Attorneys experienced with DUI checkpoints can identify the crucial parts of your DUI defense regardless of your blood alcohol level.  Our experienced DUI attorneys look to formulate a solid defense for you by showing that the checkpoint violated your rights under article I, section 13 of the California Constitution and the Fourth Amendment against unreasonable search and seizure.

The purpose of the Fourth Amendment prohibition is to safeguard the privacy and security of individuals against arbitrary invasions by governmental officials. With the right attorneys looking for the right evidence in your favor, your attorney can make the case that the checkpoint was actually an unconstitutional roadblock and you were stopped illegally and subjected to a warrantless search and seizure.

In 1987, the California Supreme Court held that sobriety checkpoints are lawful under the state and federal constitutions if they are conducted within certain limitations. In order for a Sobriety checkpoint, not be a declared unconstitutional roadblocks, each must be set up and regulated according to specific constitutional guidelines. However, the use of a checkpoint is extremely controversial because of the real danger it poses to our liberty interests, including the right to be secure in their persons, papers, and effects, against unreasonable searches and seizures as stated in the Fourth Amendment of United States Constitution and the Bill of Rights.

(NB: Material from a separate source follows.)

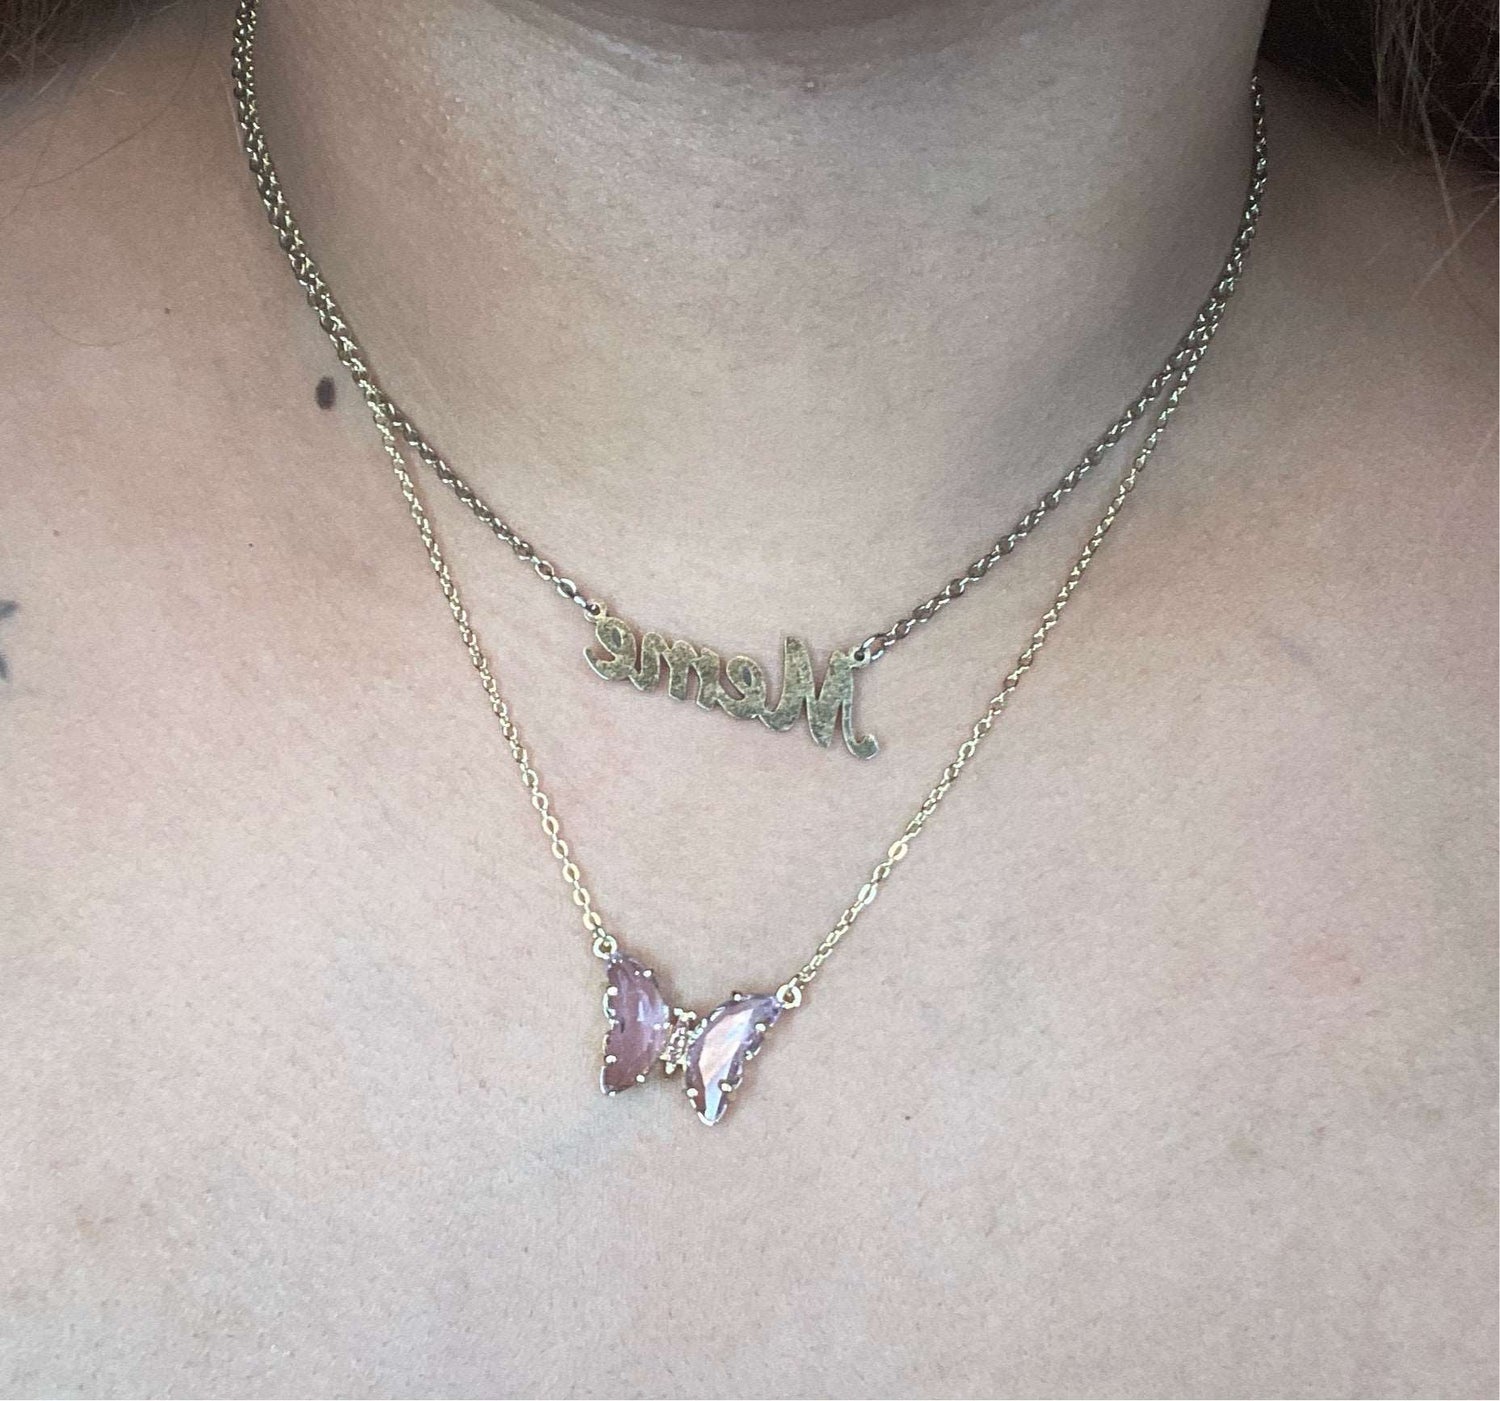 Butterfly necklace - Slayed by Meme

In 1993, the California Supreme Court said advance publicity is not a prerequisite to a constitutionally valid sobriety checkpoint, but the Court, also said in footnote number 3, "nothing in our decision should be construed to suggest that any of the eight guidelines, including advance publicity, are not relevant to a consideration of the intrusiveness of a sobriety checkpoint stop."

In 1990, the United States Supreme Court upheld the use of sobriety checkpoints, stressing the individual states' strong interest in eliminating the serious problem of drunk driving, noting the slight intrusion on drivers if subjected to a brief stop at the checkpoint, and the fact that it is for politically accountable officials to decide which reasonable law enforcement techniques should be used and that checkpoints are a reasonable technique.

In 2000, the United States Supreme Court ruled that vehicle checkpoints for the purpose of interdicting unlawful drugs violated the Fourth Amendment of United States Constitution, because the primary purpose of the checkpoints was indistinguishable from the general interest in crime control. The primary purpose of a sobriety checkpoint must be to "prevent and deter conduct injurious to persons and property." The United States Supreme Court noted that it has upheld brief, suspicionless seizures at a sobriety checkpoint aimed at removing drunk drivers from the road in 1990, and in other limited instances, but the United States Supreme Court has never approved a checkpoint program whose primary purpose was to detect evidence of ordinary criminal wrongdoing. The fact that it may have a secondary purpose of keeping impaired motorists off the road does not make such a checkpoint Constitutional.